Возможно, лишь незадолго до 477 г. так называемым завещанием Гейзериха был окончательно установлен порядок наследования престола по принципу старшинства. Власть, считавшаяся родовой собственностью королевской династии («stirps regia»), должна была переходить к старейшему на данный момент потомку Гейзериха мужского пола, чтобы избежать любой междоусобицы. Кажется, благодаря этому плану династия Хасдингов значительно укрепилась, а разнообразные опасности регентства или даже разделения государства были исключены. Мудрое и предусмотрительное решение Гейзериха вскоре, однако, показало свою недостаточность: сам он и прежде всего Гунерих были вынуждены уничтожать своих родственников, и все же после смерти Трасамунда трон получил слабый Хильдерих, неспособность которого к управлению страной повлекла за собой незаконный захват власти Гелимером. Очевидно, с принципом старшинства были связаны различные положения законов, которые относились к неправящим Хасдингам и массе рядовых вандалов. Однако традиция в данном случае не высказывается точнее, так что по этому вопросу мы не знаем никаких подробностей, как и в целом по многим деталям истории вандальского права. Так как преемники Гейзериха также не предприняли никакой кодификации действущего законодательства, наши источники в этом отношении предоставляют гораздо меньше сведений, чем источники по истории вестготов, бургундов или франков, которым мы обязаны объемными собраниями законов [158] .

158

О Салическом праве и Рибуариях, а также о законах вестготов, бургундов, лангобардов и т. д. см. Н. Conrad, Deutsche Rechtsgeschichte, Karlsruhe 1954, passim; ср. также главу 1, прим. 6.

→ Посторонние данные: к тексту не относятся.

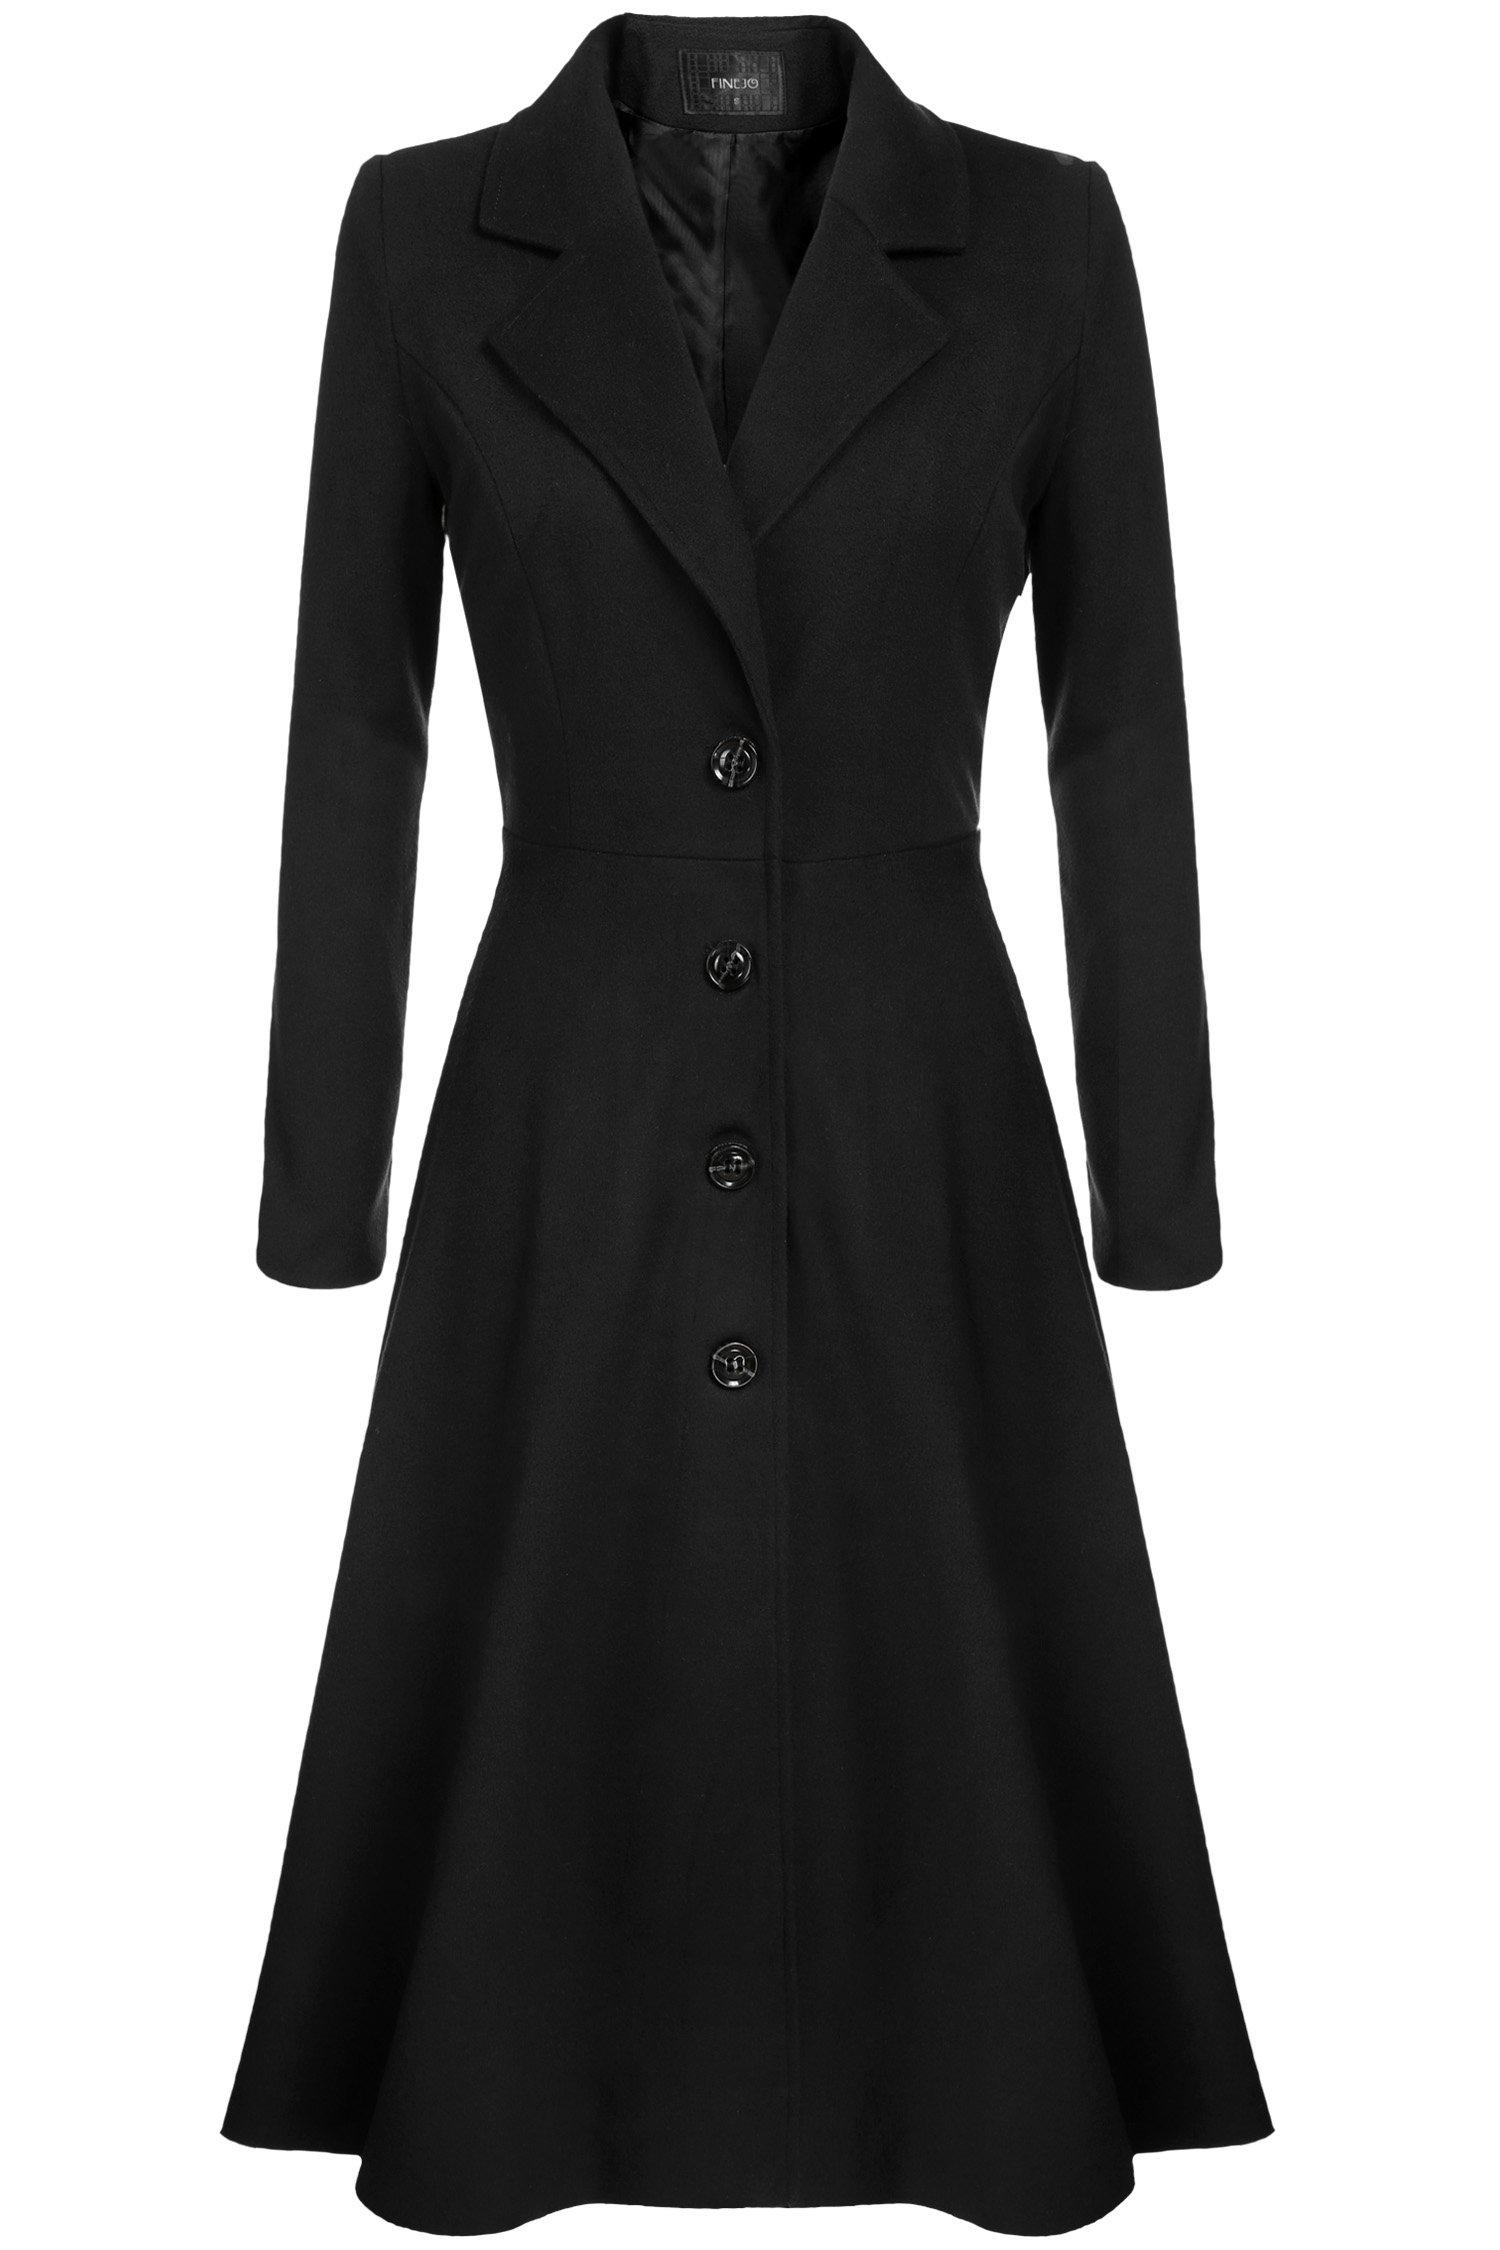 Kize Women Single Breasted Plus Size Long Trench Overcoat - XX-Large - Black
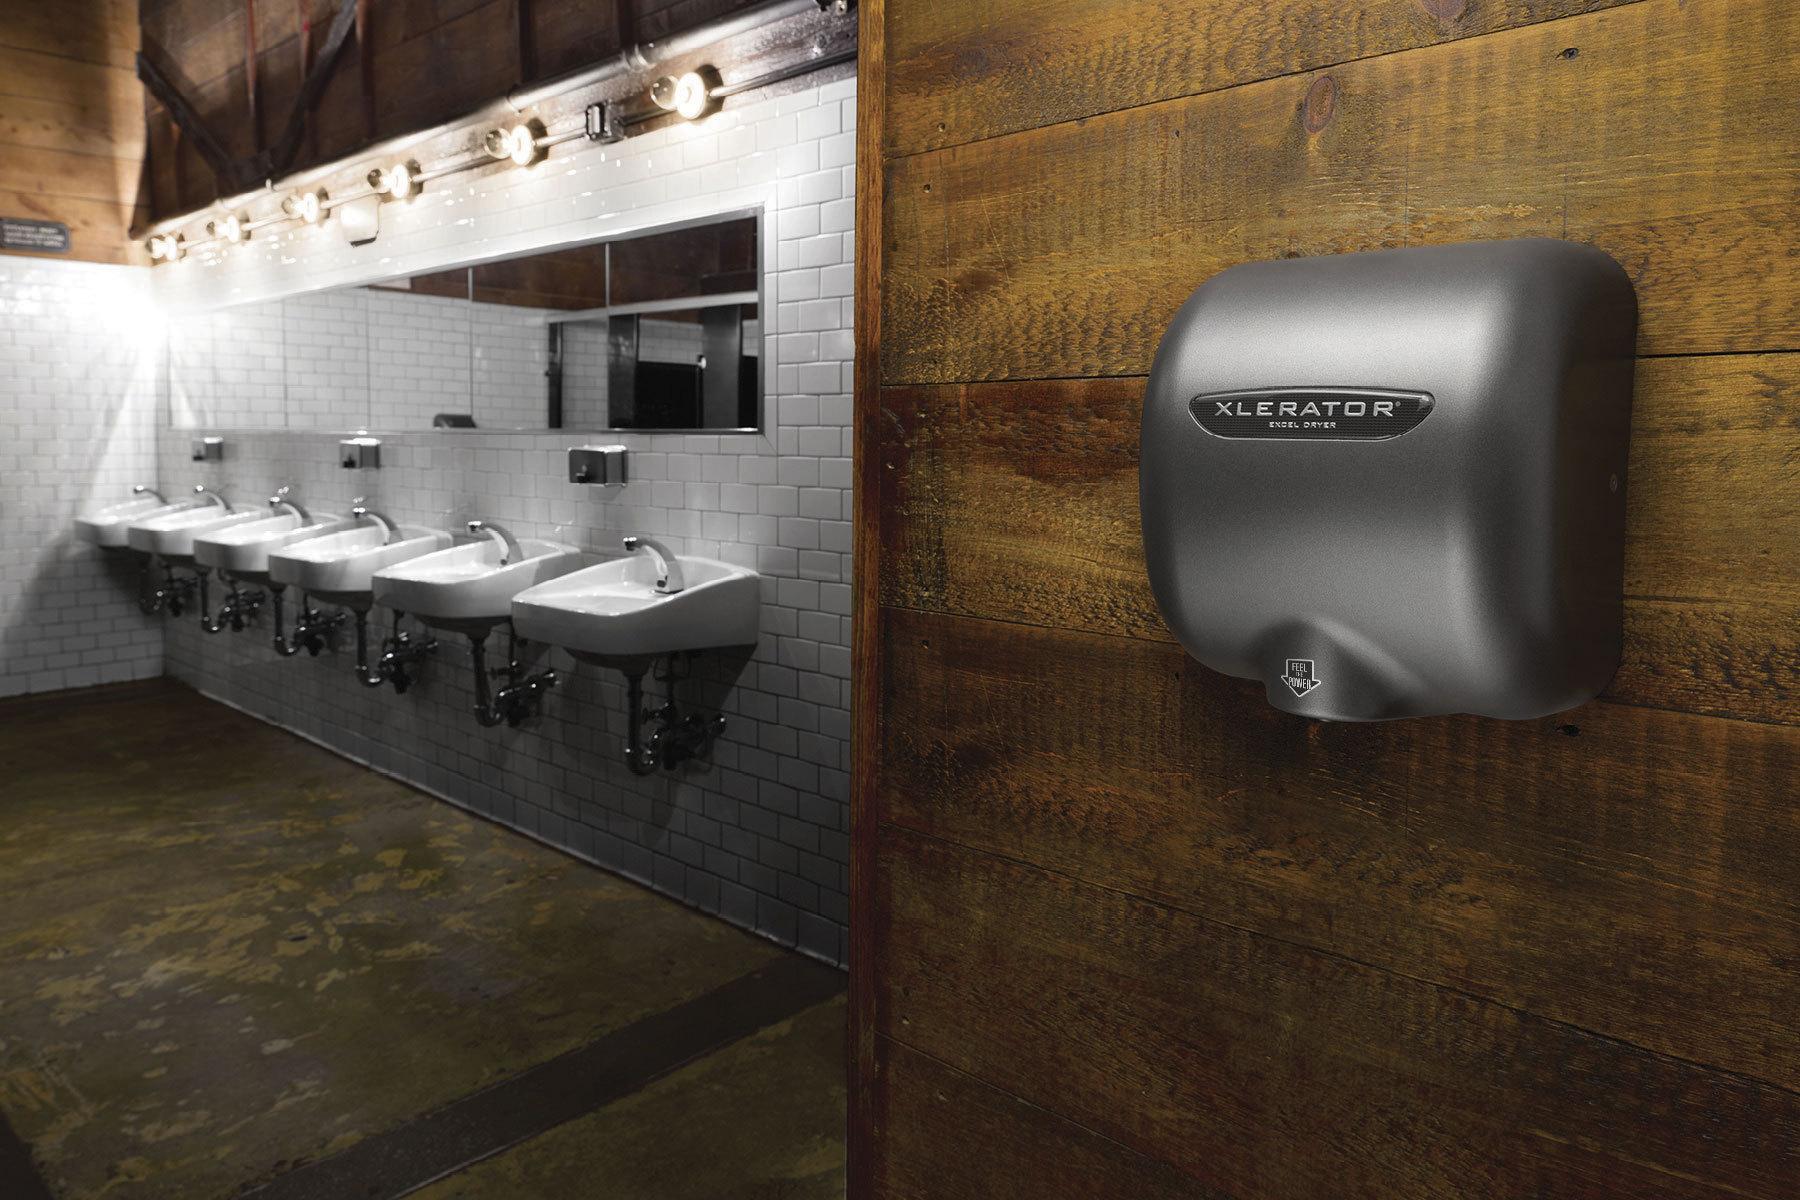 Brooklyn Bowl hand dryer installation photo (Photo: Business Wire)

Анализируя силу, суверенитет и легитимность королевской власти у вандалов (к сожалению, этот анализ с неизбежностью носит чрезвычайно отрывочный характер), приходится пользоваться самыми различными источниками (германскими, римскими, берберскими и восточными) и материалами (надписи, монеты, литературные произведения, иногда содержащие отрывки актов). Кроме того, следует учитывать хронологические различия: в то время как сам Гейзерих сформировал и укрепил свою королевскую власть на основании собственных военных и политически-дипломатических успехов, почти все его преемники только пользовались его наследием, но зачастую тем сильнее обращали внимание на внешнее значение королевского достоинства (Гунерих, Трасамунд).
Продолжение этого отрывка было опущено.